Grek wrote:The "project" is rapid industrialization. I shouldn't have to point out the obvious reasons why an Evil society would want to rapidly industrialize in order to do more evil, and why the leaders would back these efforts.
Yeah, and? If you don't have a bottom-up revolution (which isn't going to happen, because evil) then it needs to be enforced top-down, communist-style, by visionaries willing to inflict all manners of cruelties onto the people below. Unfortunately, there are more Pol Pots and Pinochets than Stalins and there are more Stalins than Lenins and Maos.
History is replete with instances of brief golden ages being exploded by the selfishness or cruelty off leaders. If you're cranking up the selfishness and cruelty, you should expect to see the number of cultures that break through the industrial and economic barriers go down.
Grek wrote:I think this effect would be cancelled out by the increased incentive for long lived races to try to improve the world and a greater willingness to plan for the long term.
Yeah, and? I'm sure that even celebrated historical figures like Abraham Lincoln and Mahatmas Ghandi want to make a world a better place and even have the cred to do so. However, the morals of Ghandi would be considered vile compared to that of an average Canadian college student of today. Morals and science advance much faster than the span of someone's life.
Don't get me wrong, there are people out there who don't act as moral or academic impediments to society no matter how old they get and God bless them all. However, the biggest factors towards eroding racism and religious thinking and scientific backwardsness and all sorts of civilization-eroding nonsense isn't education or even propaganda but the death of the previous generation.
Grek wrote:. Whenever you have two competing industries (Horse Breeders and Car Makers) in a society where both produce similar goods (Personal Transportation), and one industry does so better (the Car Makers) due to that society giving one of the two an advantage, you see the weaker industry shrink and the stronger industry grow, but the total amount of product produced stay proportional to the demand for that product. As long as the dwarves value spells as much as humans do, they will have as many spells being cast, even if those spells are cast by a cleric instead of by a sorcerer.
This is the wrong way to think about it. Yes, as a
proportion dwarves will have more wizards and clerics than humans do and much fewer sorcerers. But the absolute number of
spellcasters (and of course spellcaster power) will be smaller.
Sure, if you have a human with rolled stats of a 14 in intelligence and 14 in charisma, they can be either a wizard or a sorcerer. Whatever they pick, the number of spellcasters in the society will go up by one. If a dwarf has a 14 in intelligence and a 12 in charisma, they're forced to be a wizard. The number of spellcasters in the society still goes up by one.

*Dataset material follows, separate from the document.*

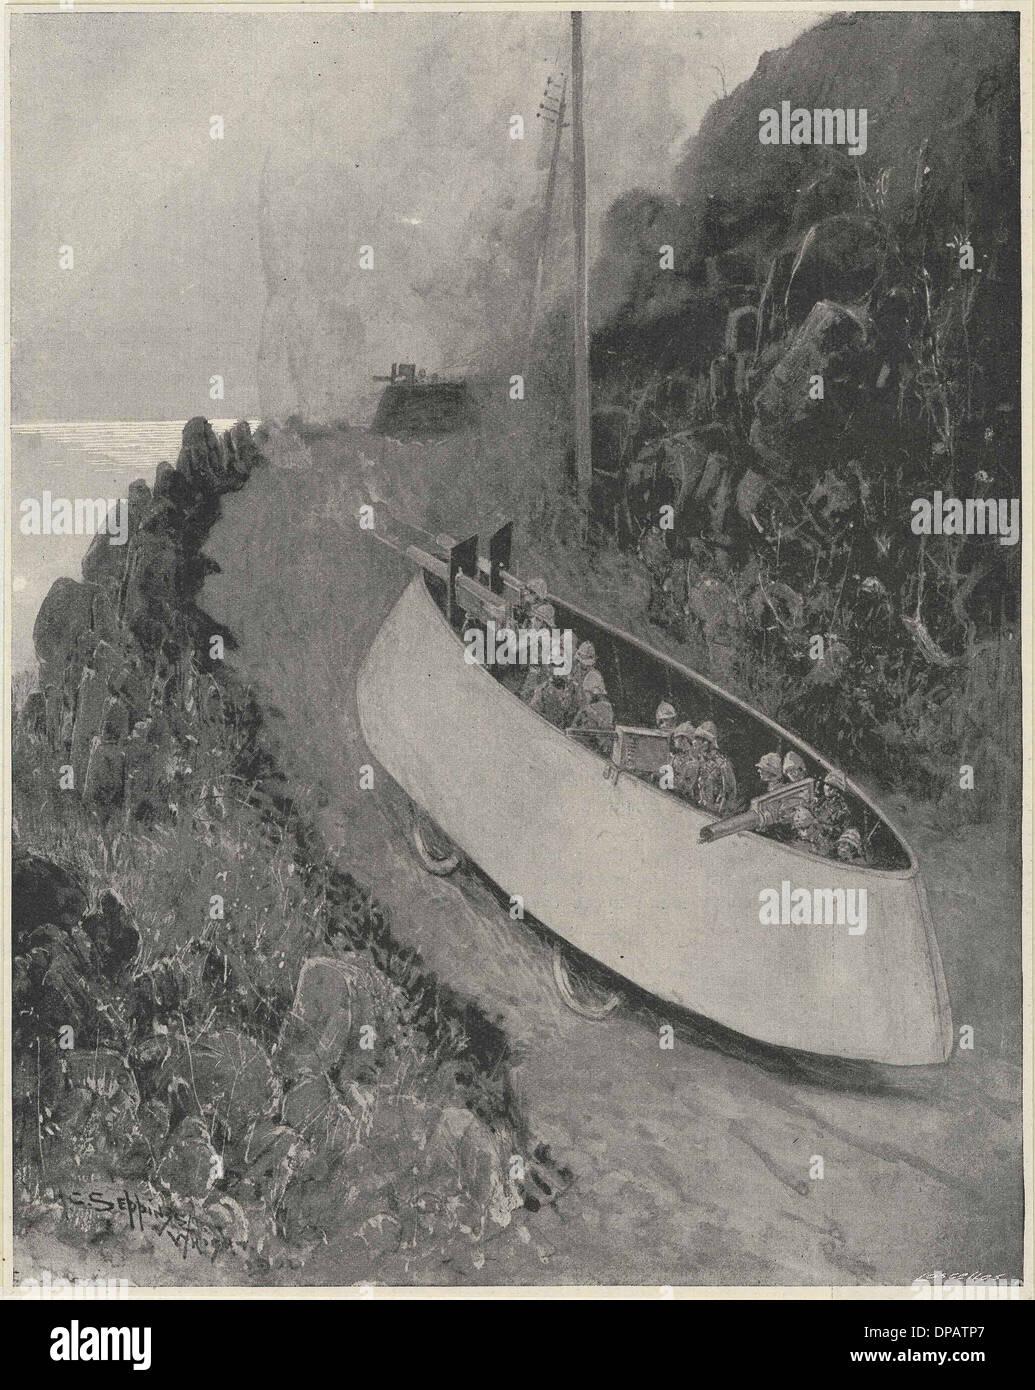 SIMMS' WAR MOTOR 1902 - Stock Image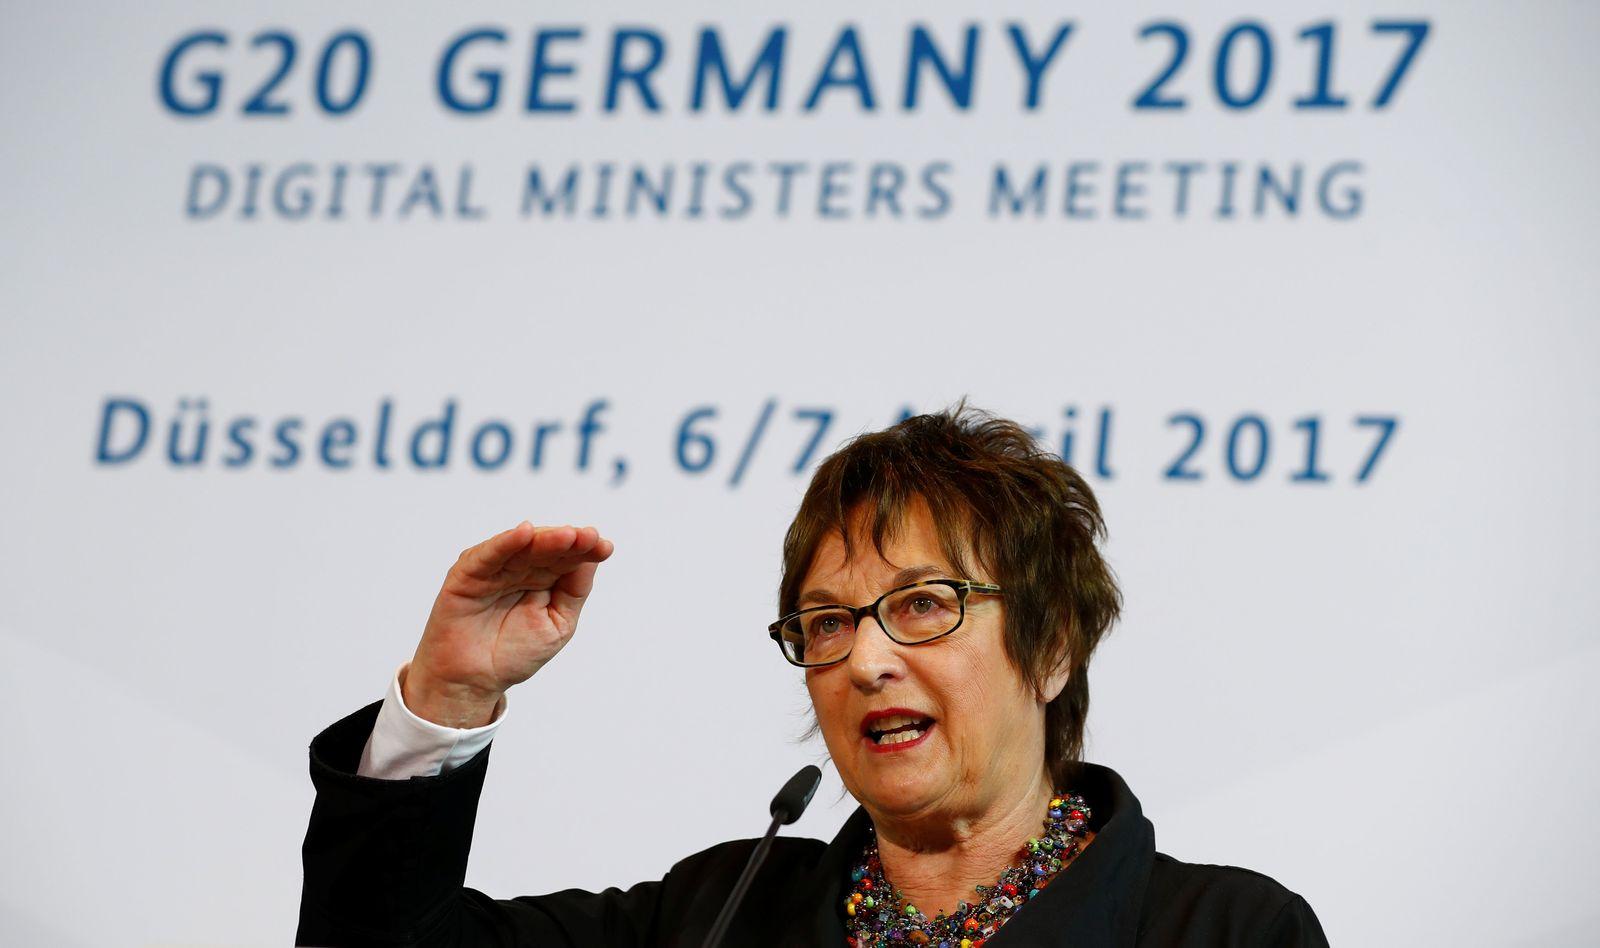 G20 / Brigitte Zypries

However, if you have a human whose pre-racial bonuses was all 10s except for charisma, which was a 14, you can still get a decent sorcerer. But a dwarf facing this situation can't become a spellcaster at all. They can't just become a wizard or a cleric to make up for it. Poking out the eyes of 10,000 people might produce more sculptors or musicians in the demographic than a random selection of 10,000 with functioning eyes, but it can't produce more
artists. The effect is only neutral if they have a replacement aptitude as good as or better than something in the visual arts, which obviously won't hold true for most people.
If dwarves had some other kind of advantage, like population densities, then it wouldn't be that big of a deal. But nothing shows that they do. And kobolds, which could have a high population density due to their size, have a laughably bullshit reproduction rates.
Grek wrote:That is completely bullshit. In my entire experience playing D&D, not once have I seen anyone stat up a character as a multiclass character between PC and NPC classes. You either have NPC levels, or you have PC levels, but not both.
I think you're just confused by the Law of Conservation of Detail and the spotlight fallacy -- you don't see the Commoner 1 / Expert 2s because they're not important for your individual story. And the anthropomorphic principle can make it so that the DM doesn't have to make you cognizant of these characters at all.
But the DMG is pretty clear. Those kinds of characters form the backbone of D&D demographics.